Phase-engineered Non-degenerate Sliding Ferroelectricity Enables Tunable Photovoltaics in Monolayer Janus In2S2Se

TL;DR

This paper introduces phase-engineered non-degenerate sliding ferroelectric phases in monolayer Janus In2S2Se, enabling tunable and enhanced photovoltaic effects through reversible phase transitions and polarization control.

Contribution

It demonstrates the synthesis and phase transition mechanisms of non-degenerate sliding ferroelectric phases in Janus In2S2Se, leading to tunable photovoltaic properties.

Findings

WZ' to ZB' transition increases carrier mobility and induces an indirect-to-direct band gap change.

WZ' phase exhibits superior photoelectric efficiency in visible light.

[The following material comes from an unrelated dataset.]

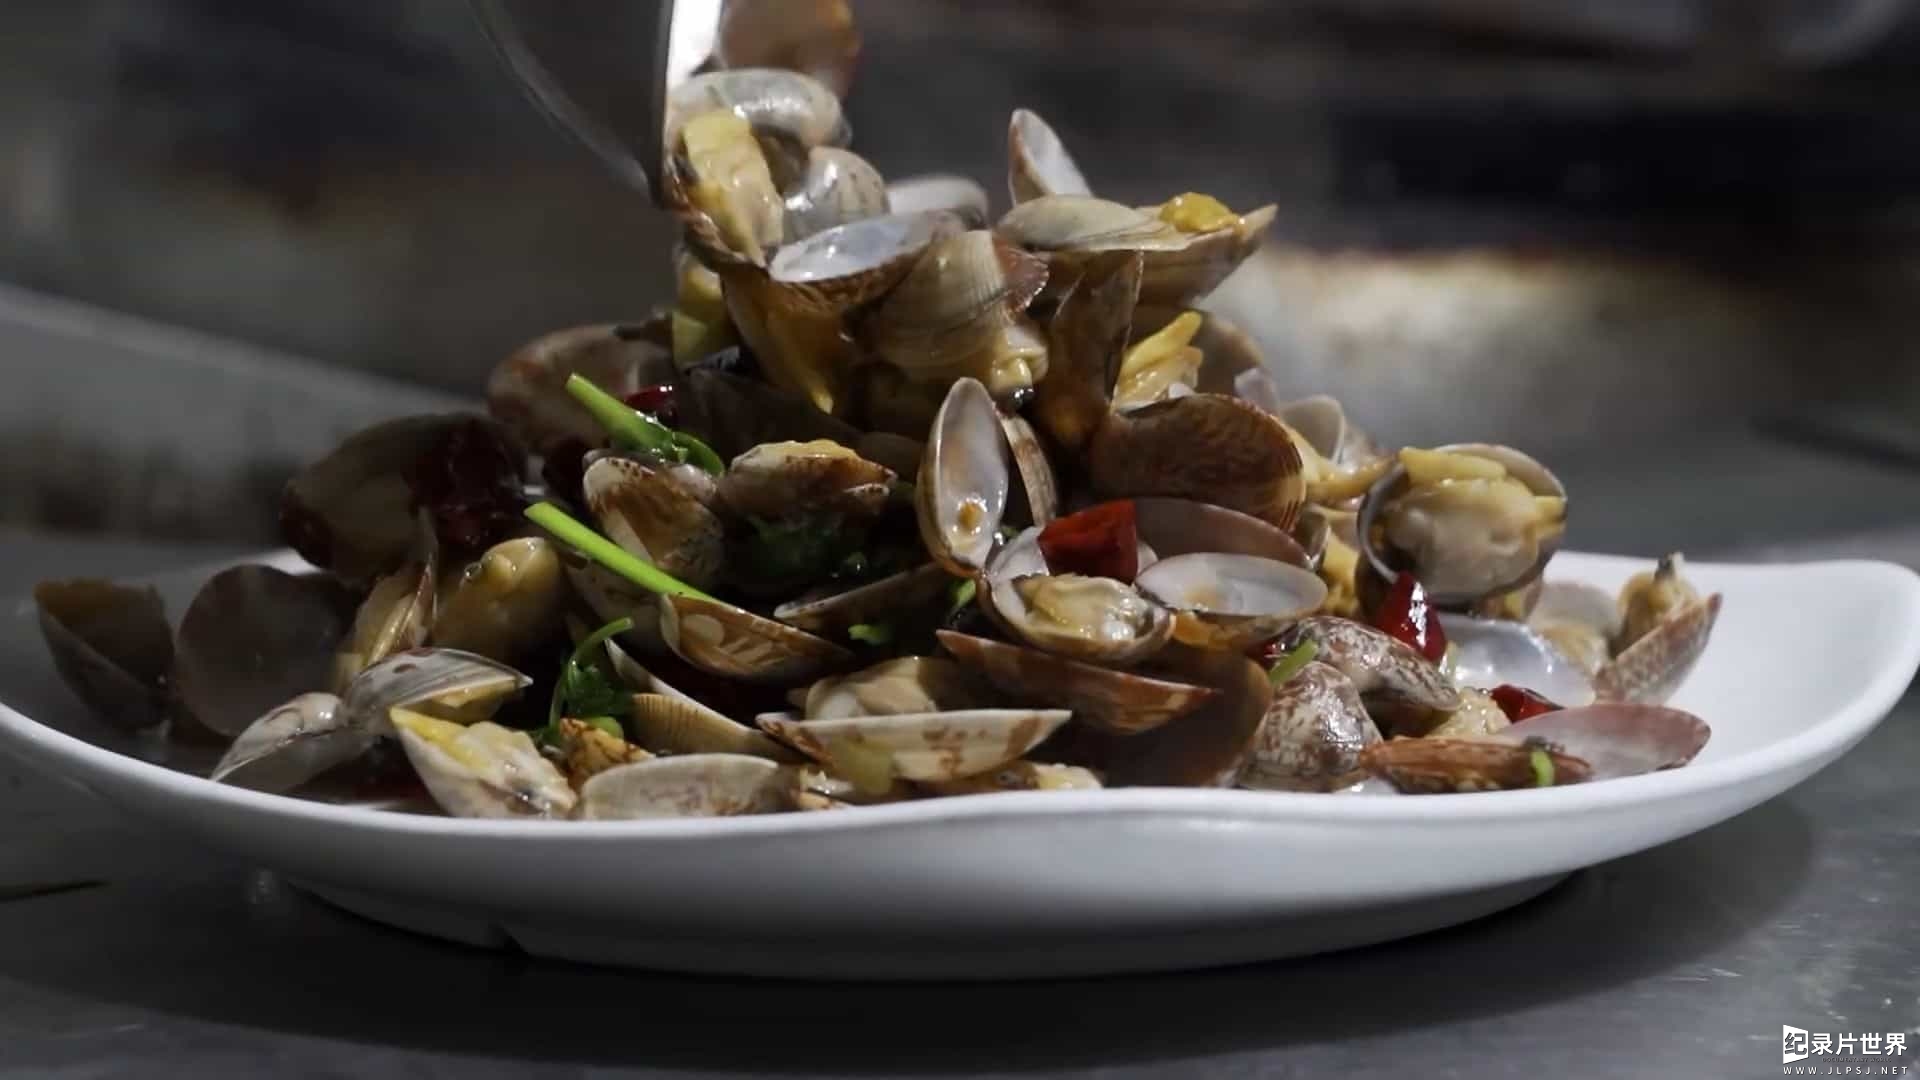 国产纪录片/中国美食系列/ 海鲜极致美味《大海小鲜 2021》全4集 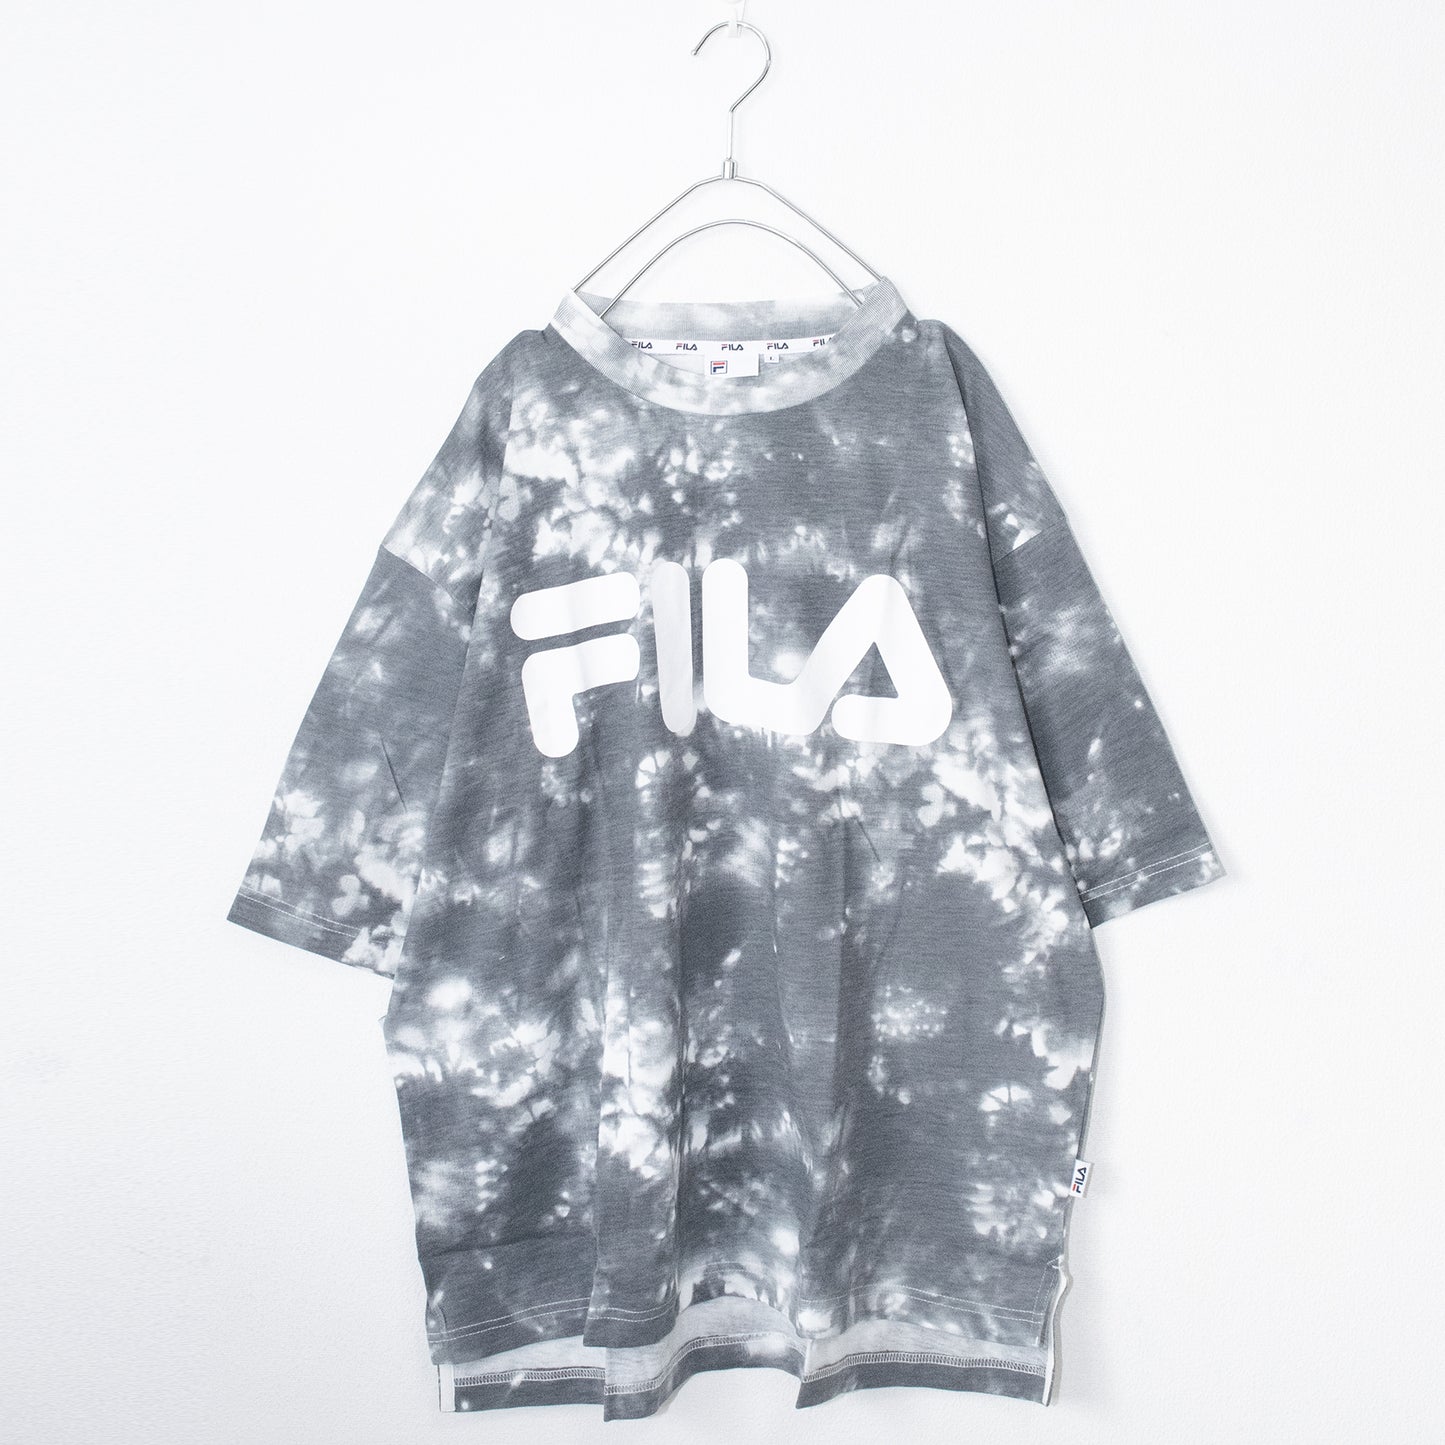 FILA Logo Print Ti-dye S/S T-shirt (Gray) - YOUAREMYPOISON

Distinct photovoltaic behaviors are achieved through phase engineering of ferroelectricity.

Abstract

Two-dimensional sliding ferroelectrics, with their enhanced efficiencies of charge separation and tunability, constitute promising platforms for next-generation photovoltaic devices. However, recent systems predominantly exhibit dual degenerate polarization states with weak intensity, hindering the optimal manipulations of photovoltaic effects through sliding ferroelectricity. Here, we address this limitation by introducing two strengthened and distinct non-degenerate sliding ferroelectric phases (WZ' and ZB') in Janus In2S2Se, which can be achieved by Se-to-S substitution in monolayer In2Se3. First-principles calculations validate the experimental synthesis of this structure and its capability for reversible phase transitions triggered by atomic layer sliding, and a series of superior photovoltaic performances are demonstrated in such unique Janus In2S2Se, accompanied by a detailed analysis of how non-degenerate sliding ferroelectricity modulates distinct photovoltaic characteristics. The WZ' to ZB' transition can increase the carrier mobility and moderate the band gap while inducing an indirect-to-direct transition, yielding a marked red-shift and enhancement of the photocurrent peak in the infrared spectrum. Conversely, the WZ' phase, benefiting from enhanced polarization, delivers superior photoelectric conversion efficiency in the visible light region. This work establishes a phase-engineered framework of how non-degenerate sliding ferroelectricity orchestrates distinct photovoltaic behaviors, and the intrinsic physical correlations may offer novel perspectives for designing and regulating innovative photovoltaic devices.